## Given material

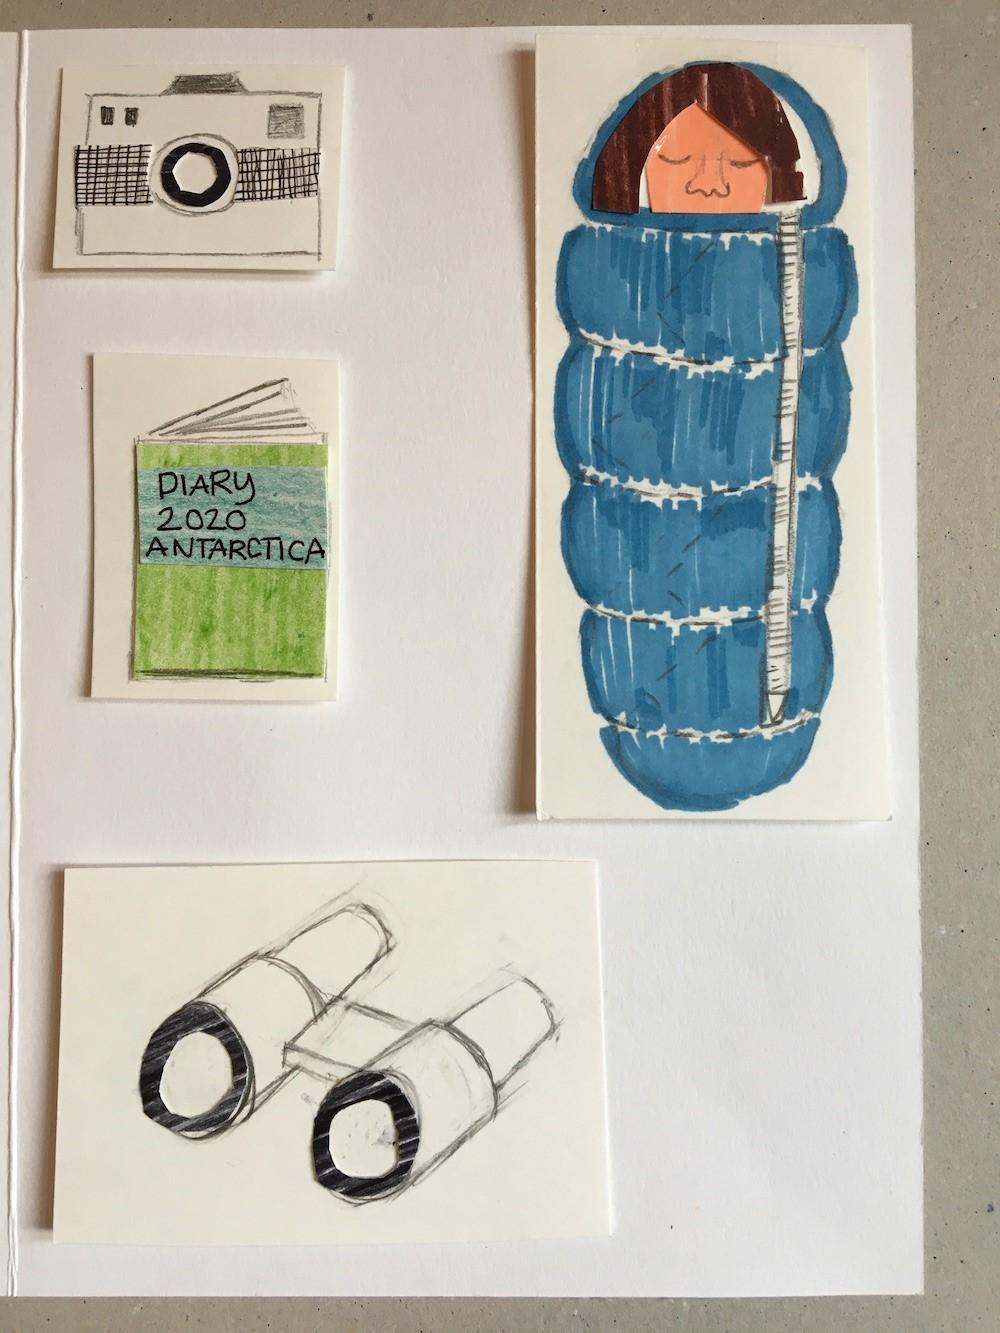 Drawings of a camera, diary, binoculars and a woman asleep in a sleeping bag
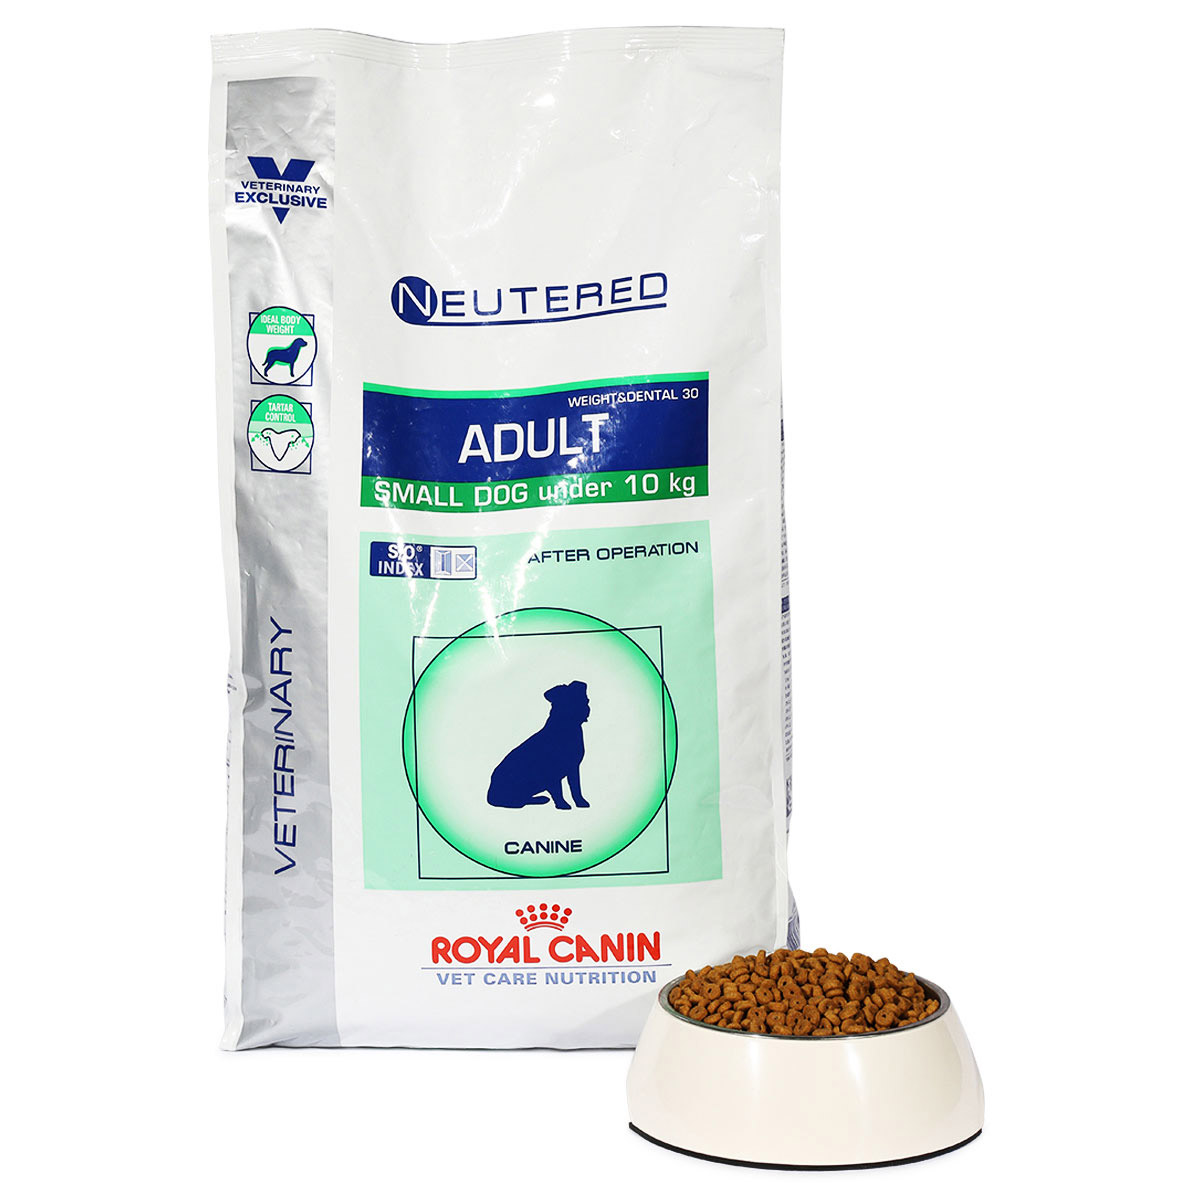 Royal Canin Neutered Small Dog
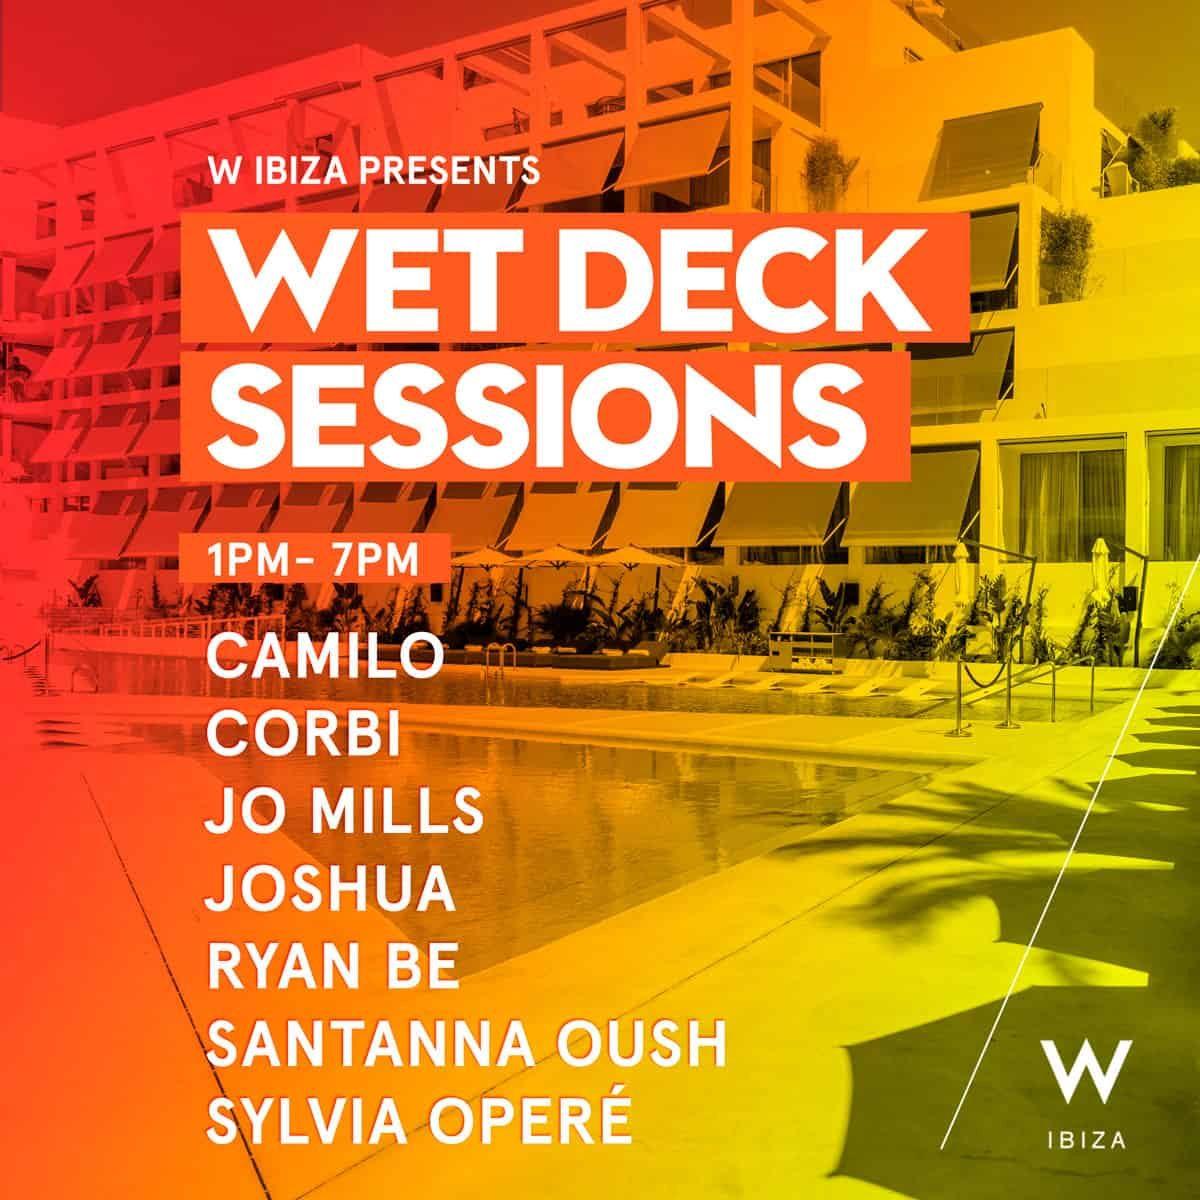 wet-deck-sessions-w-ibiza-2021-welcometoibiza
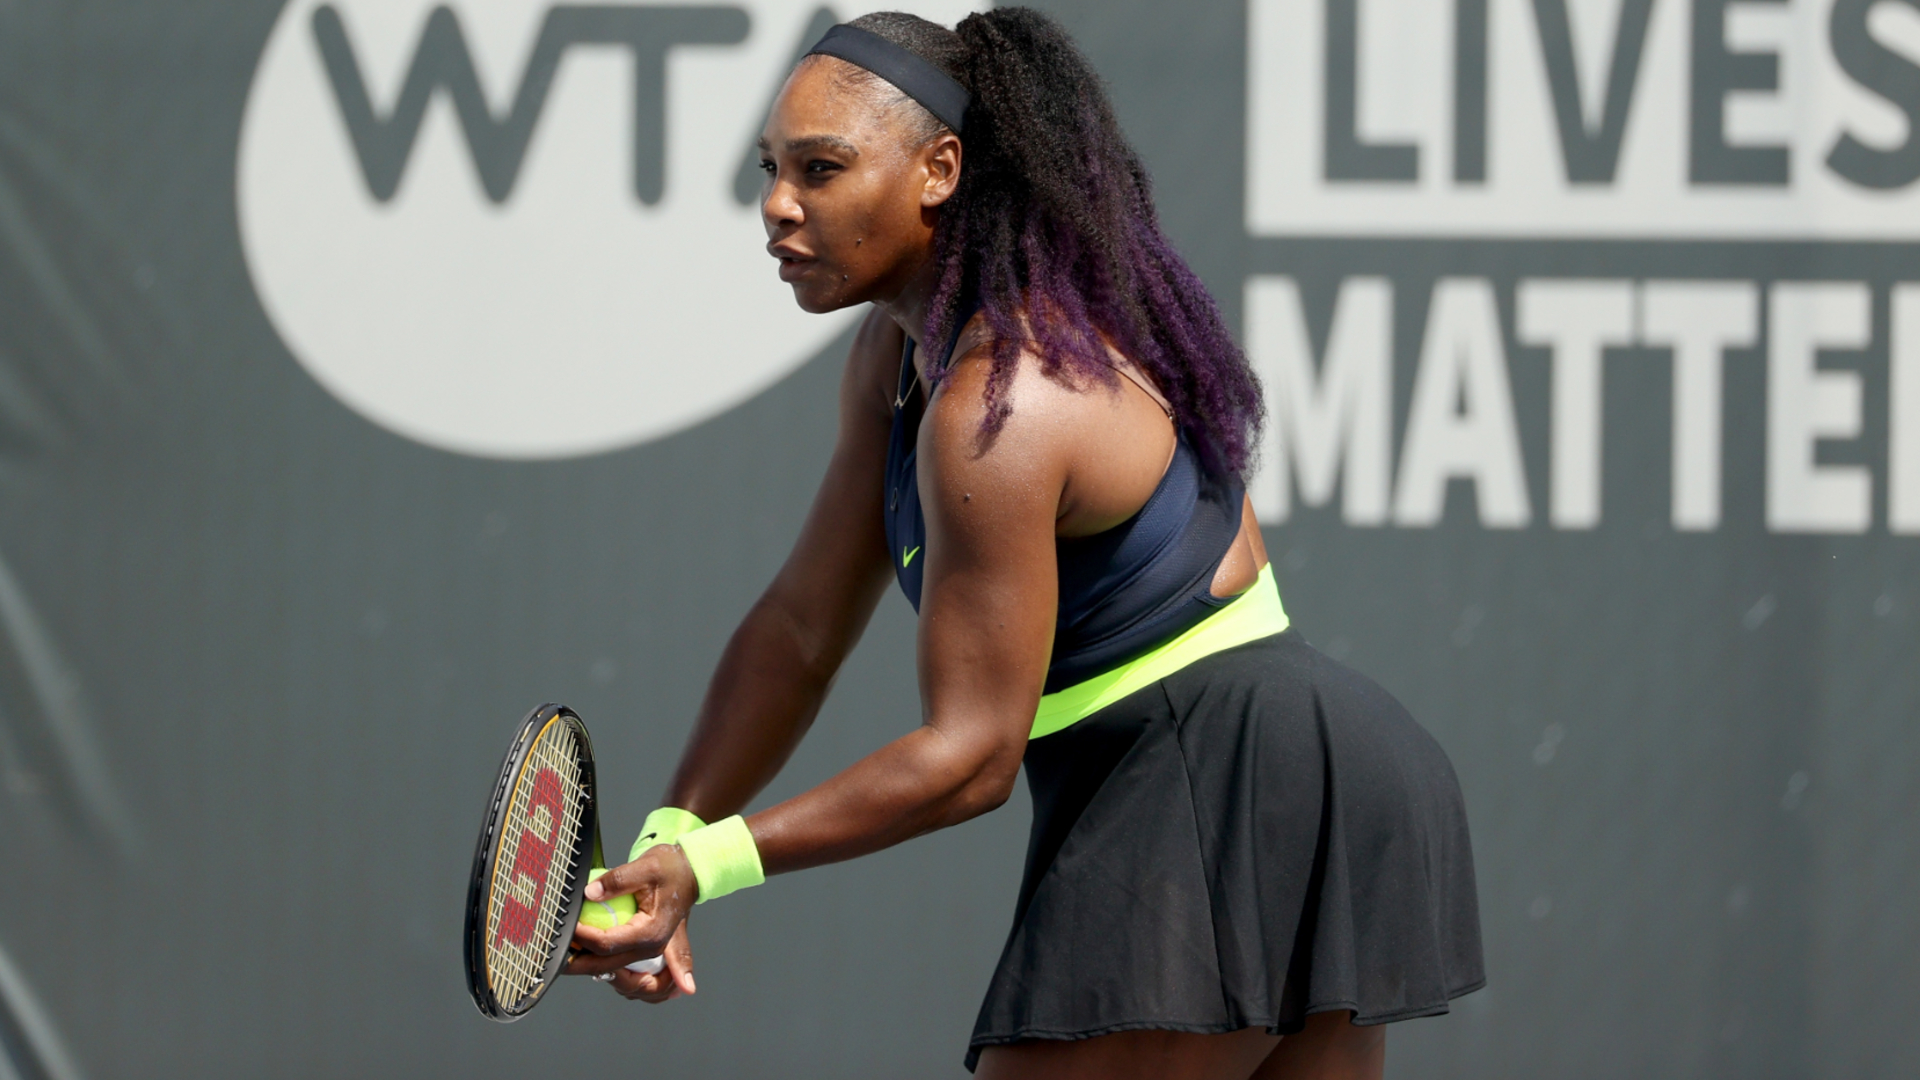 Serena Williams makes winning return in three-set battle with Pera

## The task
Would you set down, word for word, the lines running from the one that contains "wet-deck-sessions-w-ibiza-2021-welcometoibiza" to the last line of the material, omitting all pictures?

## Output for this exercise
 wet-deck-sessions-w-ibiza-2021-welcometoibiza
 Serena Williams makes winning return in three-set battle with Pera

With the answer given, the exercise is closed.